Tanis sah zu Sturm hinüber, der stolz das Waffenkleid einer Ritterschaft trug, die vor dreihundert Jahren in Ungnade gefallen war. Obwohl Sturm nur vier Jahre älter war als Caramon, hatten sein strenges, diszipliniertes Leben, die Härten der Armut und seine melancholische Suche nach seinem geliebten Vater ihn über die Jahre hinaus altern lassen. Mit seinen neunund-zwanzig Jahren sah er wie vierzig aus. Tanis dachte, ich glaube nicht, daß ich einem von uns trauen würde.
»Wie sieht der Plan aus?« fragte Sturm.
»Wir fahren mit einem Boot«, antwortete Tanis.
»Oh!« kicherte Caramon. »Hast du es Flint schon gesagt?« »Nein. Überlaß das nur mir.«
»Woher bekommen wir ein Boot?« fragte Sturm argwöhnisch. »Du wirst glücklicher sein, wenn du es nicht weißt«, antwortete der Halb-Elf. Der Ritter runzelte die Stirn. Seine Augen folgten dem Kender, der weit vorn war und von einem Schatten zum nächsten huschte. »Mir gefällt das nicht, Tanis. Erst sind wir Mörder, und jetzt werden wir auch noch Diebe.«
»Ich betrachte mich nicht als Mörder«, schnaubte Caramon verächtlich. »Goblins zählen nicht.«
Tanis sah, wie der Ritter Caramon anstarrte. »Mir gefällt es auch nicht, Sturm«, sagte er hastig und hoffte, einen Streit zu verhindern. »Aber man zwingt uns dazu. Nimm die Barbaren – ihr Stolz ist das einzige, was sie noch aufrecht hält. Nimm Raistlin...« Ihre Augen fuhren zum Magier, der durch das Laub schlurfte und sich dabei nur im Schatten bewegte, gestützt auf seinen Stab. Gelegentlich peinigte ein trockener Husten seinen zerbrechlichen Körper.
Caramons Gesicht verdüsterte sich. »Tanis hat recht«, sagte er leise. »Raist schafft es kaum noch. Ich muß zu ihm.« Er verließ Ritter und Halb-Elf und eilte nach vorn, um die verhüllte, gebeugte Gestalt seines Zwillingsbruders einzuholen. »Laß mich dir helfen, Raist«, hörten sie Caramon wispern. Raistlin schüttelte seinen Kopf und entzog sich der Berührung seines Bruders. Caramon zuckte zusammen und ließ seinen Arm fallen. Aber der Krieger blieb dicht bei seinem schwachen Bruder, bereit, ihm im Notfall beizuspringen.

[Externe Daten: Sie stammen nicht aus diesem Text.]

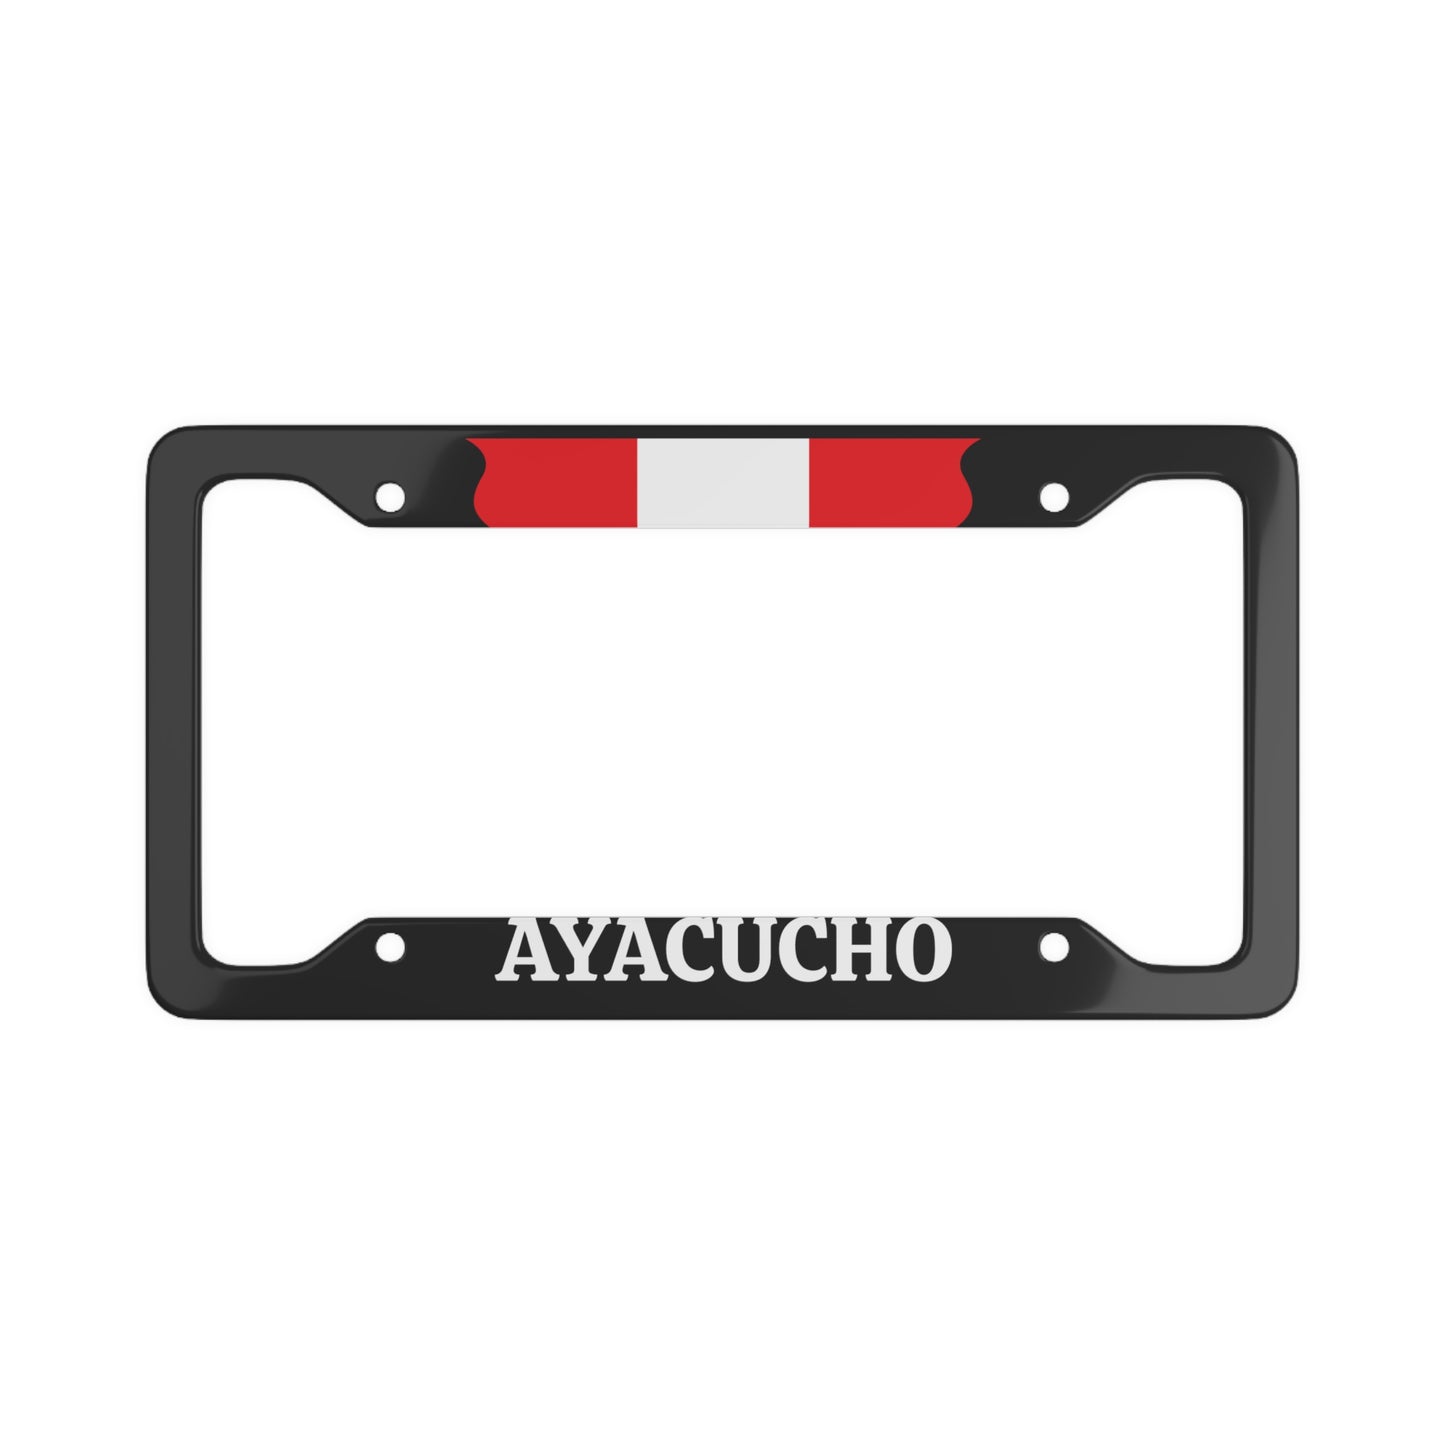 Ayacucho, Peru Car Plate Frame

»Warum läßt er sich das gefallen?« fragte Tanis leise. »Familie. Blutsbande.« Sturm klang nachdenklich. Er schien mehr sagen zu wollen, aber seine Augen richteten sich auf Tanis' Elfengesicht mit dem menschlichen Barthaar, und er schwieg. Tanis sah den Blick und wußte, was der Ritter gedacht hatte: Familie, Blutsbande – Dinge, von denen der verwaiste Halb-Elf keine Ahnung hatte.